The most interesting part of his discussion of the abbaco schools is his proposed re-interpretation of our understanding of the provenance of these abbaco schools. The traditional view of the abbaco schools is that Fibonacci, having learned algebra and merchant mathematics from his travels thoughout the Mediterranean and from his contacts with Islamic scholars, wrote the Liber Abaci in 1202, and that this book provided a template for merchant mathematics. As the Italian communes of the thirteenth century became more merchant-centered, these city-states saw the value in providing schools that taught their youths the mathematics needed for commerce. Fibonacci's text provided an organizing principle, and so the abbaco schools were born. Høyrup provides a different narrative. He separates three phenomena from the traditional narrative: the mathematics itself, the texts, and the educational institutions. The mathematics of the abbaco schools is the mathematics of a widespread merchant culture that Høyrup describes as extending from Western Europe through Africa and Islamic lands to India, and perhaps to China. The Islamic tools of formal algebra are included in this mathematics, although they seem to be not necessary for the everyday merchant. The texts of the abbaco schools are not, says Høyrup, related to Fibonacci's Liber Abaci . Finally, Høyrup seems to suggest that the abbaco schools, as educational institutions focused on mathematics, were probably modelled on Islamic institutions that had flourished in the recently-conquered Catalonia.
Fibonacci is an interesting person in all of this. He was a scholar at the court in Sicily of Emperor Frederick II in the early thirteenth century (at least through 1225), and he retired to Pisa, where he died around 1250. He is a generation or two removed from the first abbaco teachers. His books, like the Liber Abaci , were written in Latin, and presented to the Emperor. Høyrup suggests that Fibonacci was a cultural hero to those early abbaco teachers--he was a mathematician who gained fame in Southern Italy with the Emperor, and who then returned home to Pisa to finish out his life. Perhaps some of these early abbaco teachers knew him personally. But how much influence did Fibonacci's writings, as opposed to his reputation, have on these teachers?
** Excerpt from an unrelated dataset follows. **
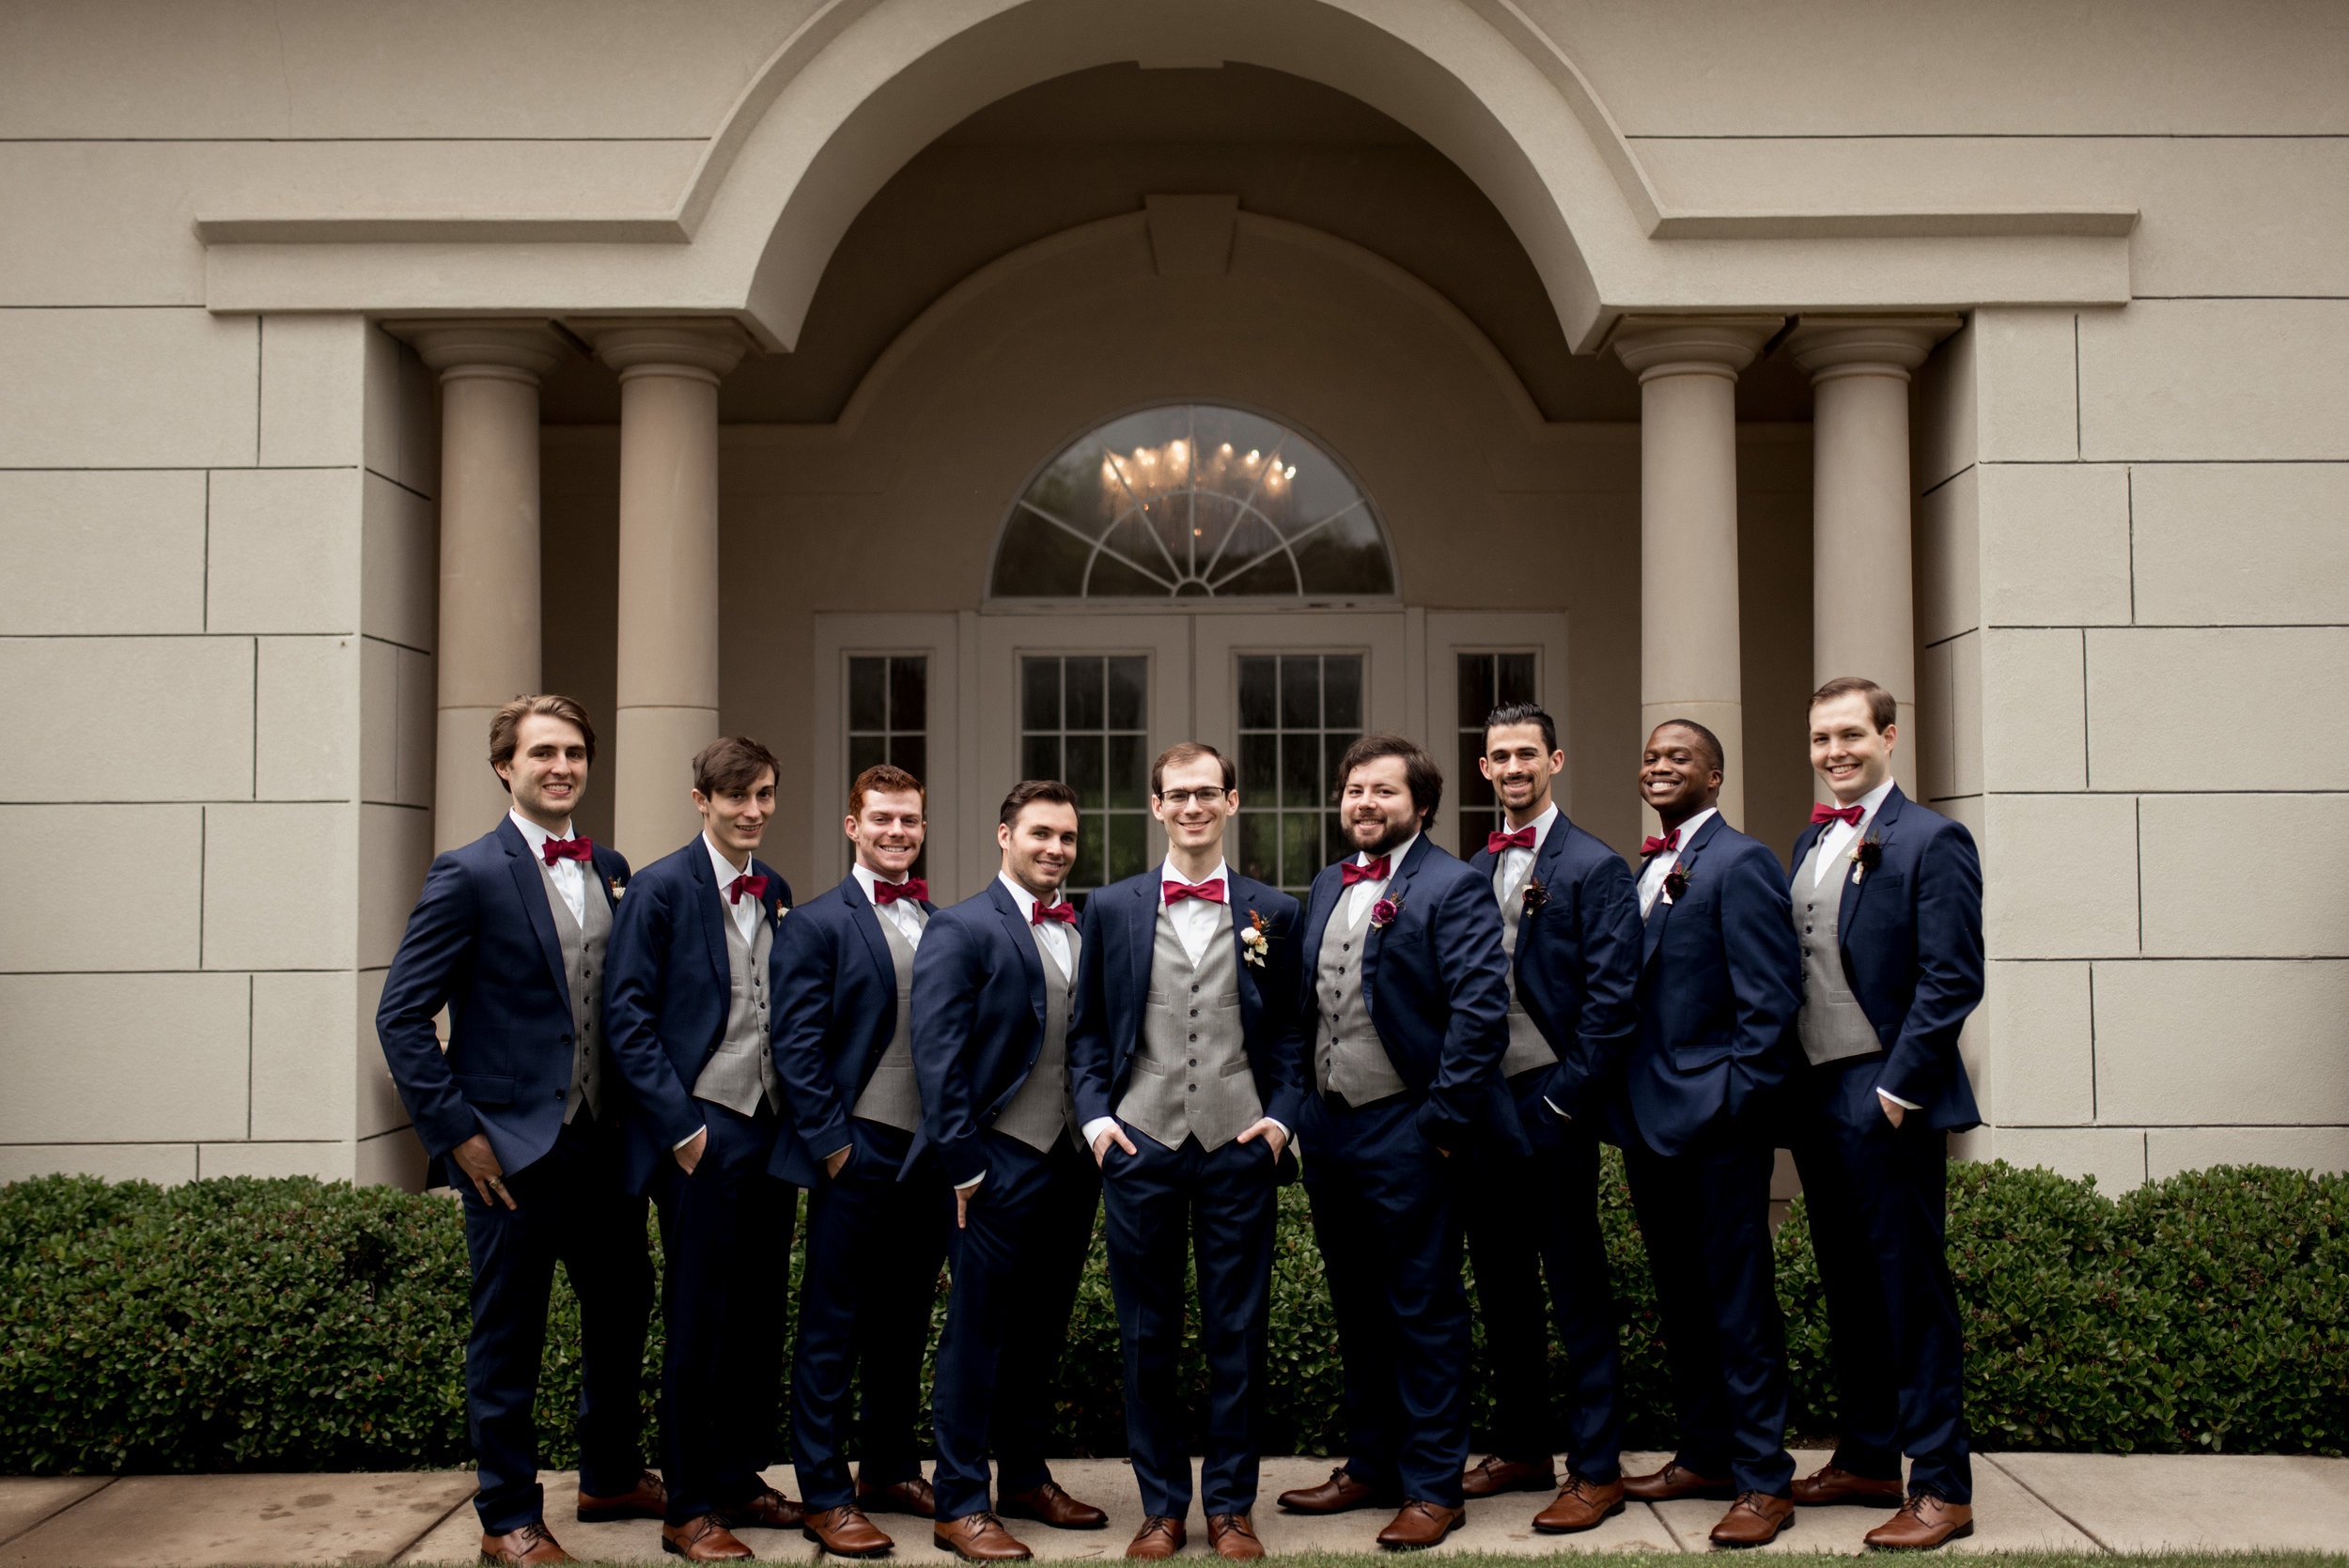 Artigues Wedding-161.jpg

Fibonacci wrote in Latin for the Emperor's court, while the abbaco teachers wrote in the vernacular for merchants. There are questions of language and of class here, as well as a more immediate questions: how many copies of the Liber Abaci were made? and were these copies accessible to abbaco teachers? Høyrup suggests that Fibonacci's texts had little influence on the abbaco schools. He notes that Jacopo da Firenze's Tractatus Algorismi shares very few problems in common with the Liber Abaci , and that Jacopo uses very few Latinisms in his Tuscan text. He concludes, from this as well as from other considerations, that Jacopo drew on a mathematical tradition that was not the Latin tradition represented by Fibonacci.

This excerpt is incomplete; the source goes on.